### Work to be completed
Below are entries. Give back exactly the lines from the one containing "Capsula farmaceutica vuota" through the one containing "Im Mittelpunkt des", inclusive, without the pictures.

### Working data
BEGIN
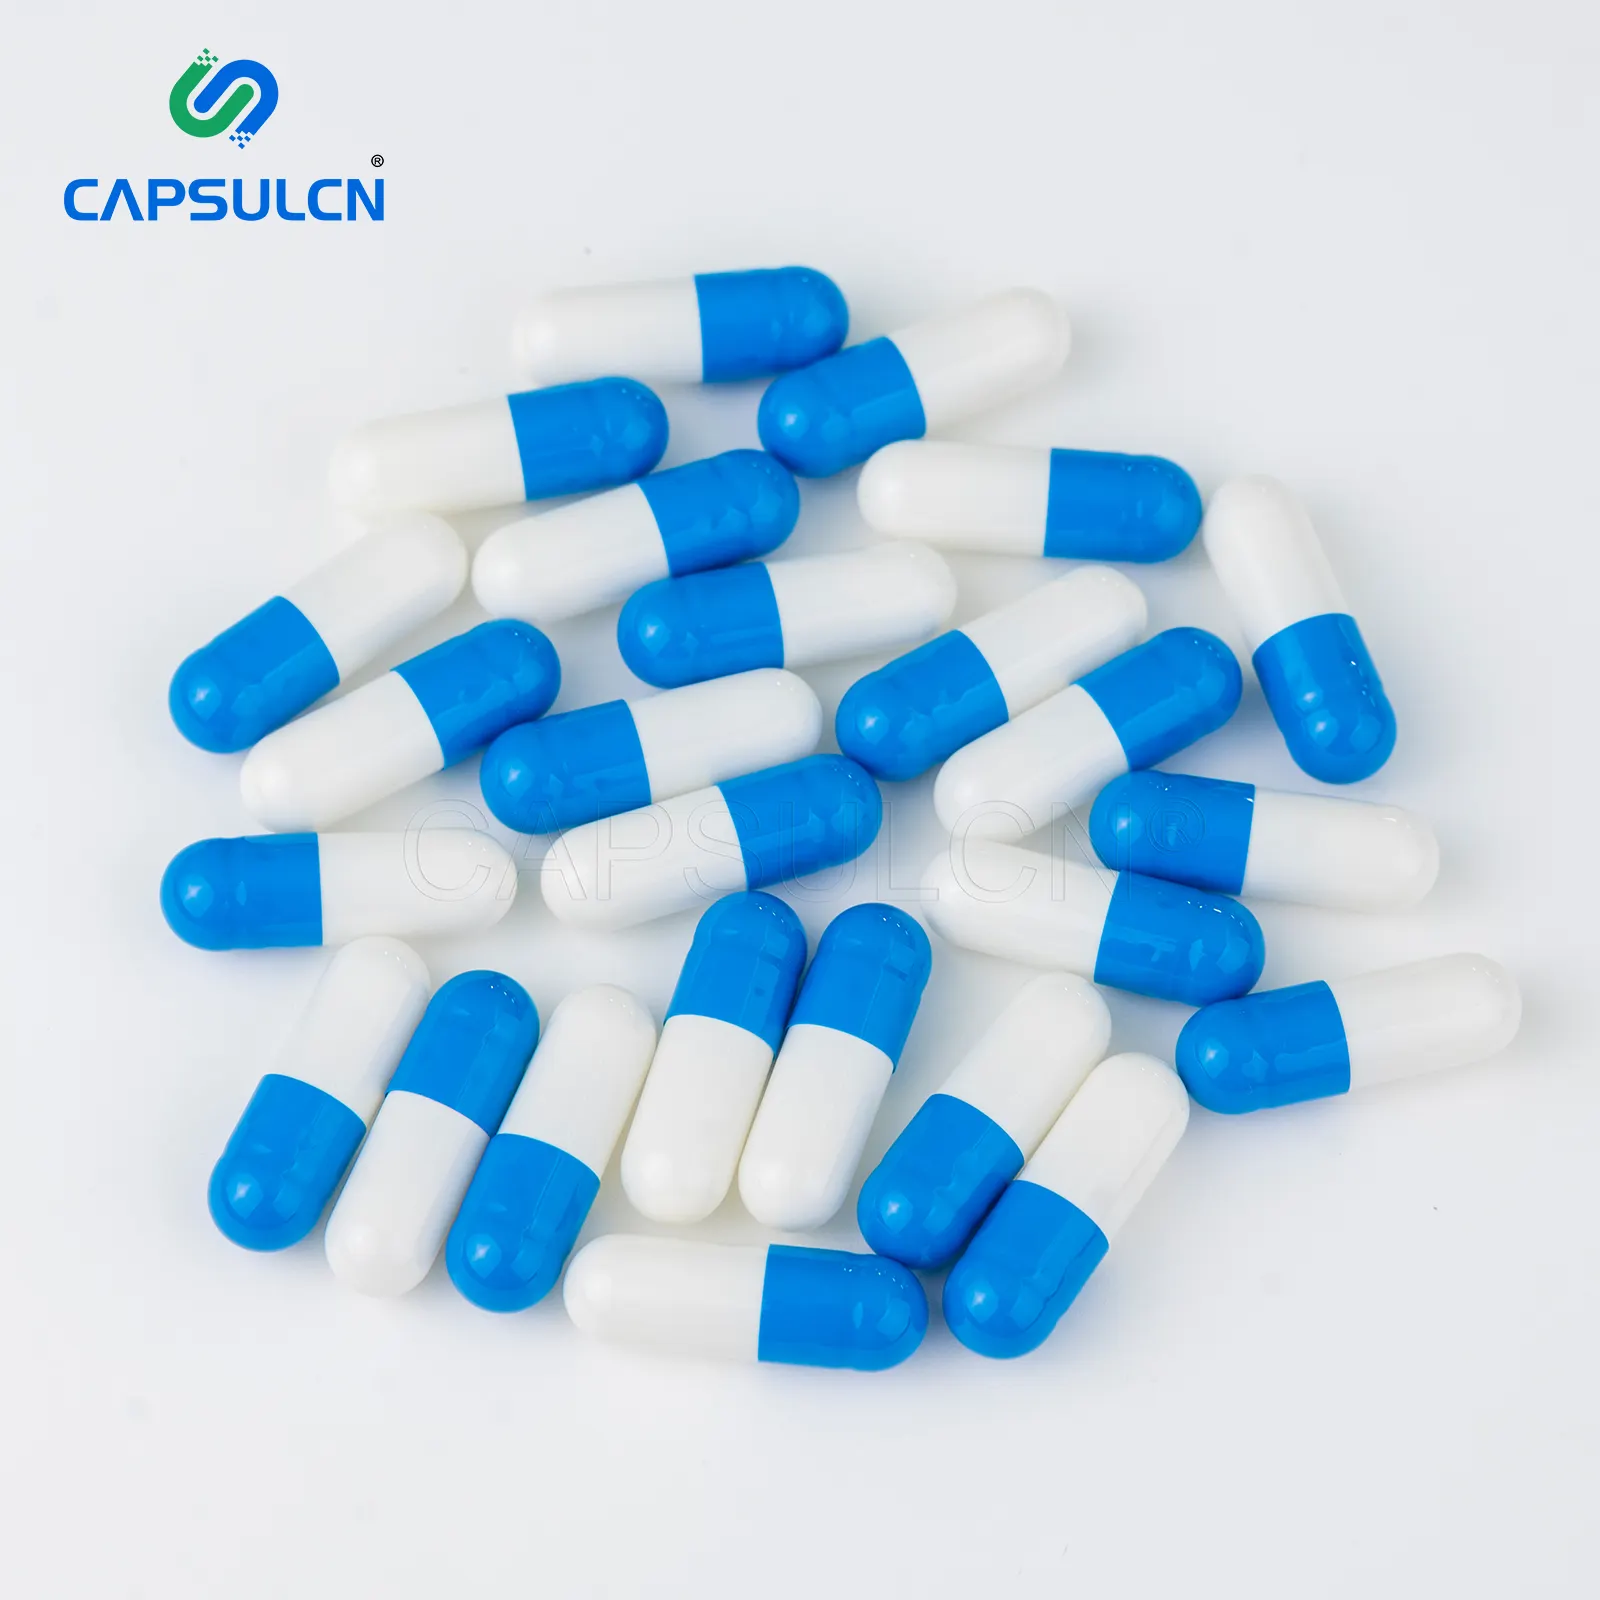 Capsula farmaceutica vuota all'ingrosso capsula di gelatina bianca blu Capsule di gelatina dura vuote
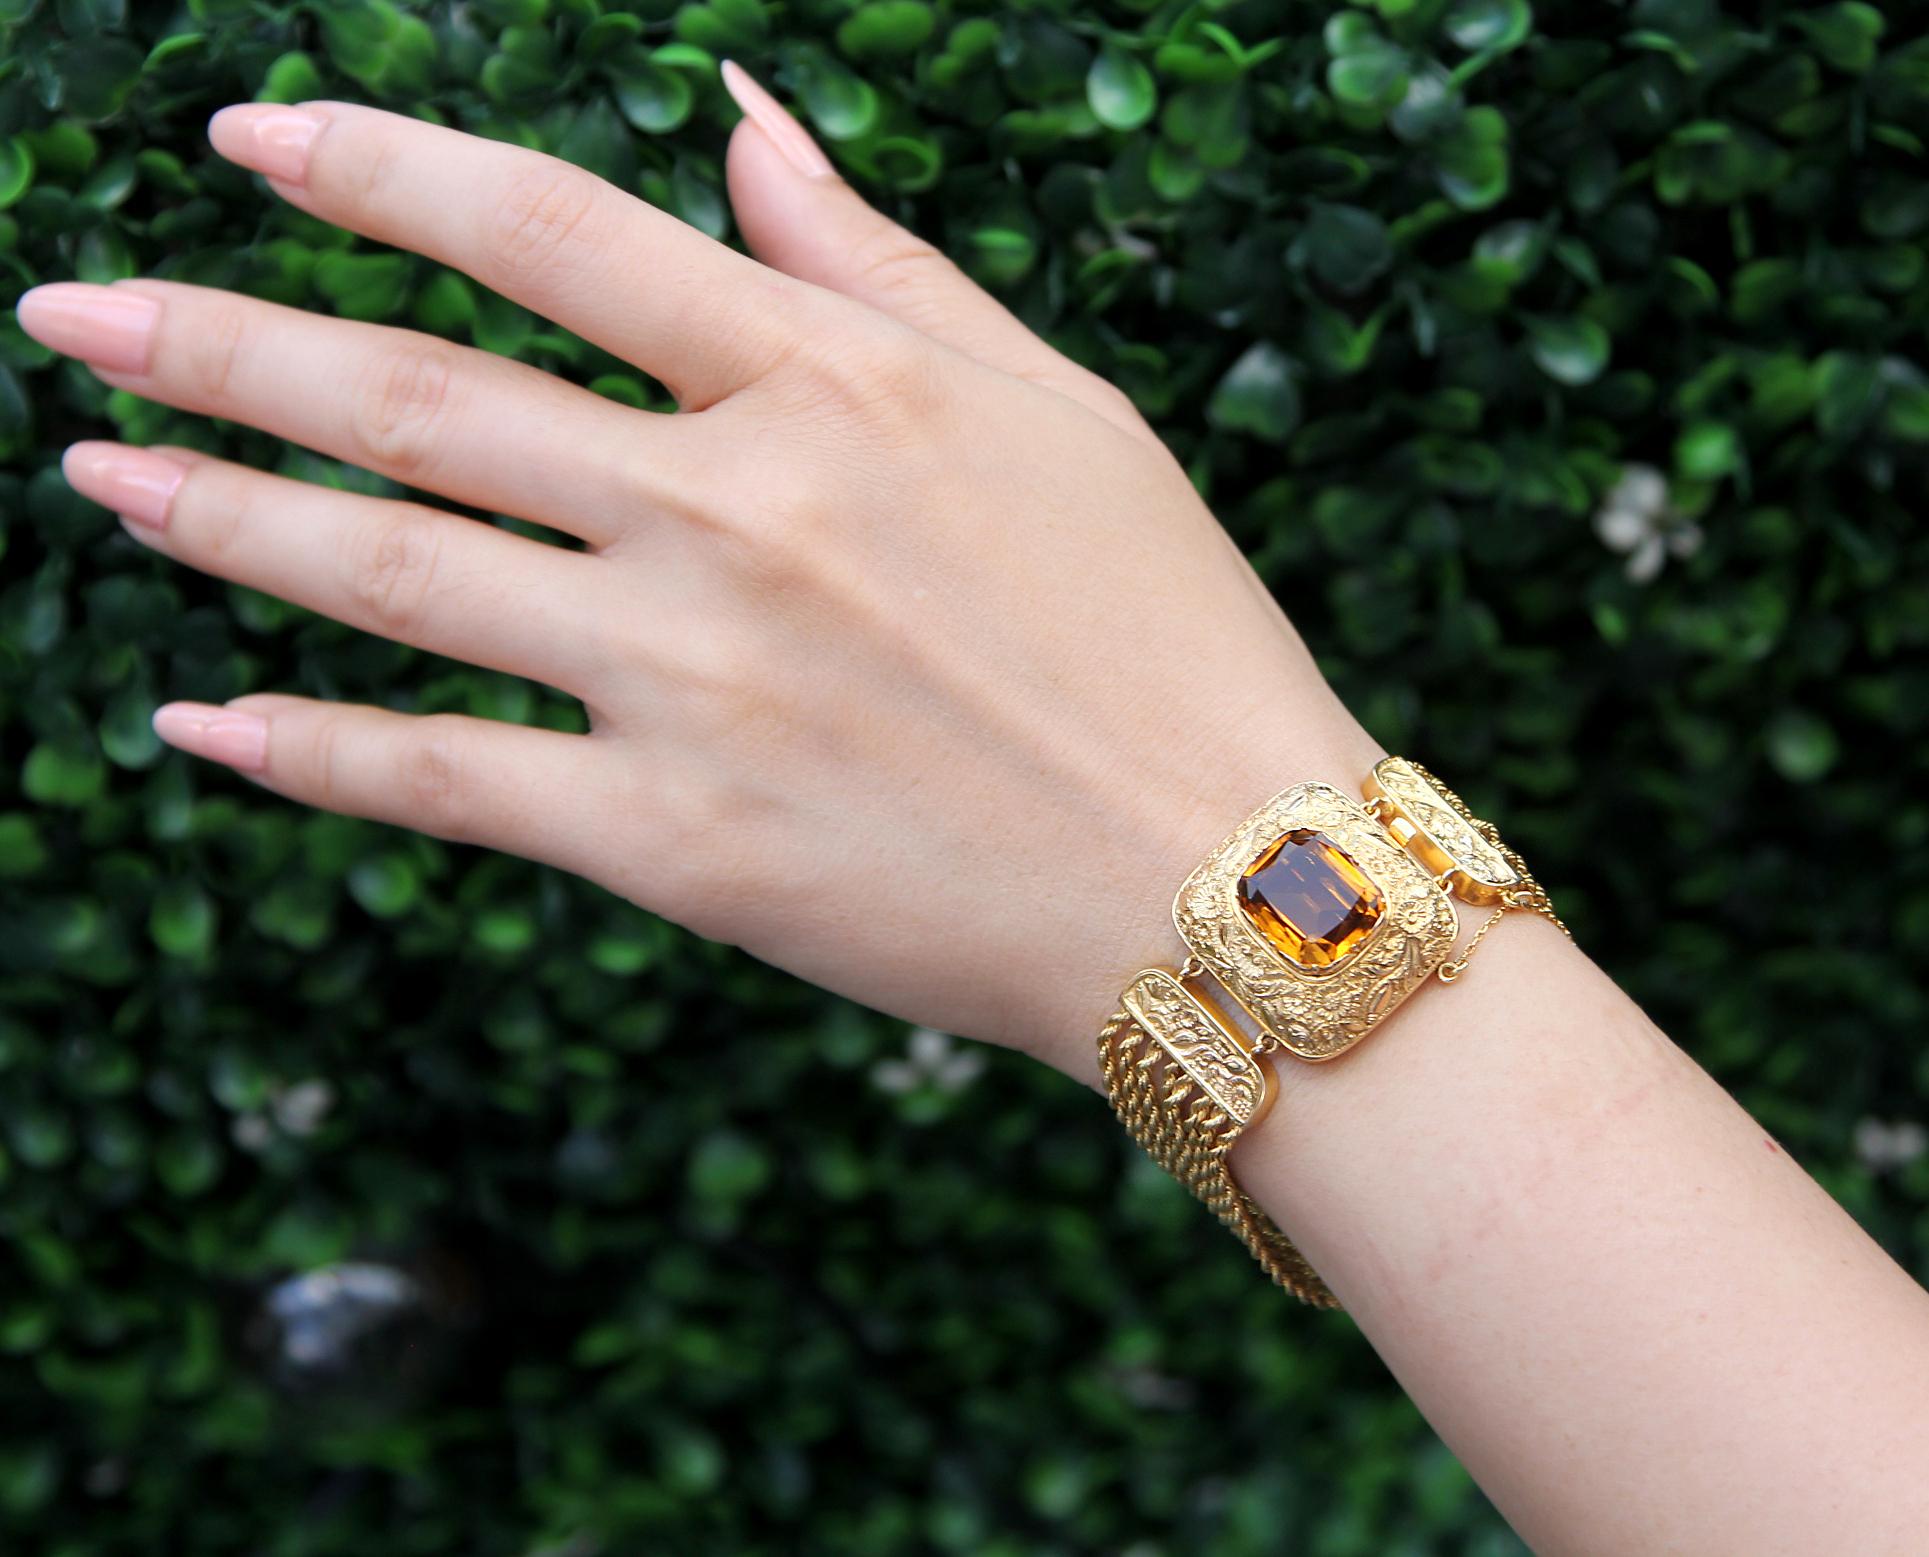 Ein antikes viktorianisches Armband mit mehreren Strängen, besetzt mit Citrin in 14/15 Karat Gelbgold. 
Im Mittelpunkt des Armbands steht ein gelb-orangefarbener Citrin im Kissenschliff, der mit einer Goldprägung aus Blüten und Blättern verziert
END
BEGIN
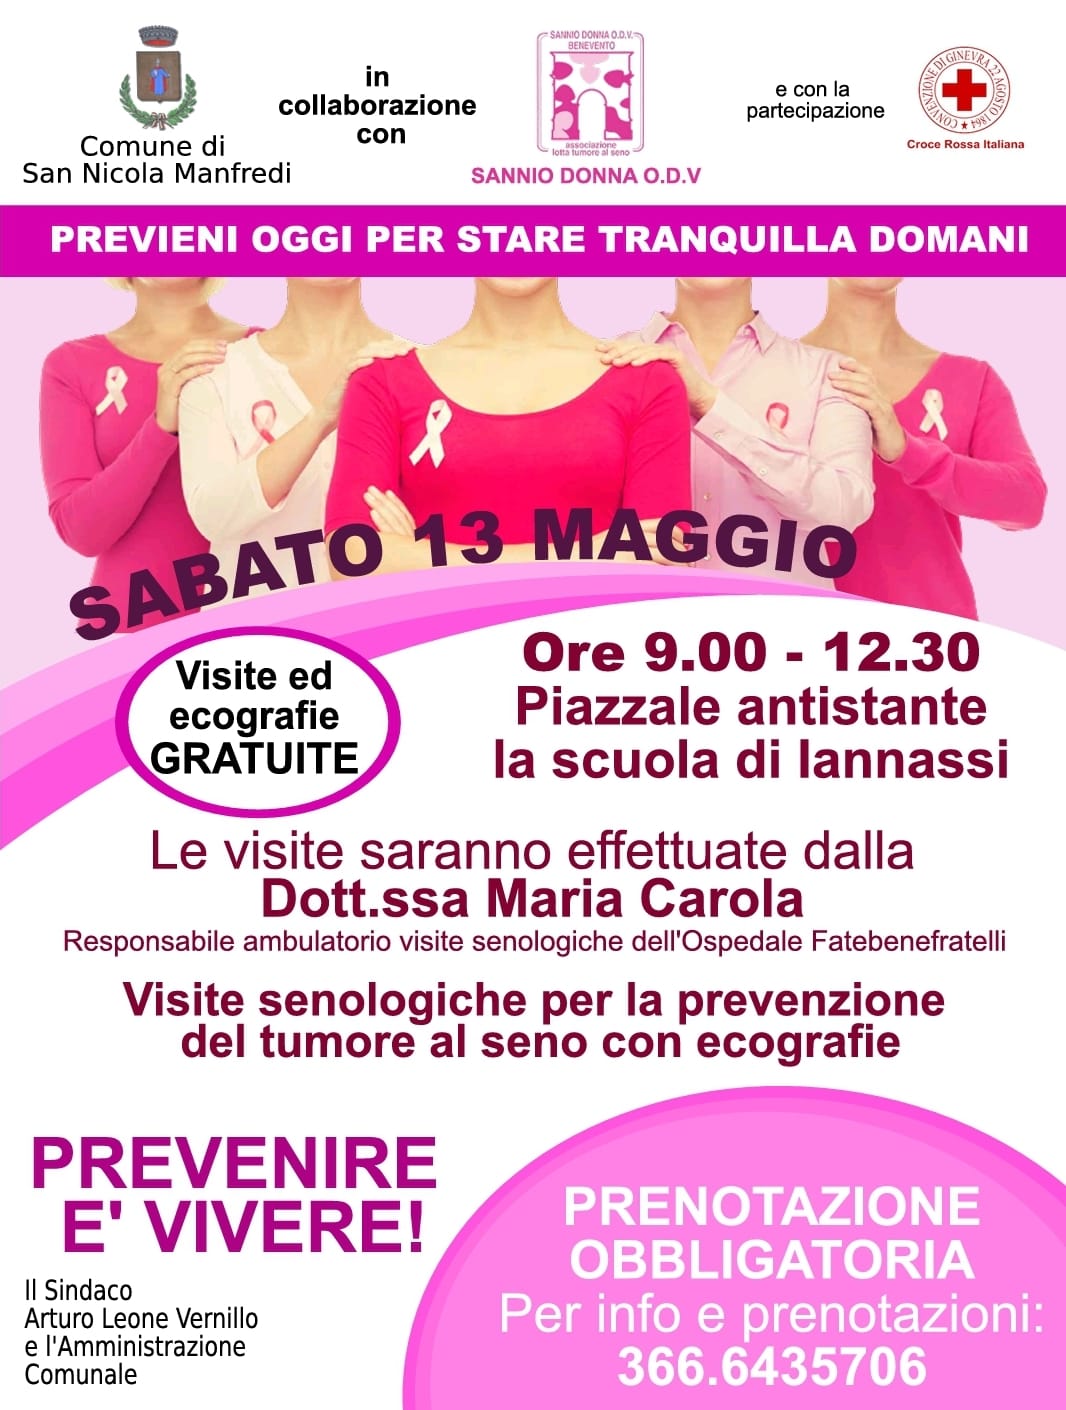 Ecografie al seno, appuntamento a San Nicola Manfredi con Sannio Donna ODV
END
BEGIN
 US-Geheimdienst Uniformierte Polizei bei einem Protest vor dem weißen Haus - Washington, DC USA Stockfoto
END
### Result below
 Capsula farmaceutica vuota all'ingrosso capsula di gelatina bianca blu Capsule di gelatina dura vuote
 Ein antikes viktorianisches Armband mit mehreren Strängen, besetzt mit Citrin in 14/15 Karat Gelbgold. 
Im Mittelpunkt des Armbands steht ein gelb-orangefarbener Citrin im Kissenschliff, der mit einer Goldprägung aus Blüten und Blättern verziert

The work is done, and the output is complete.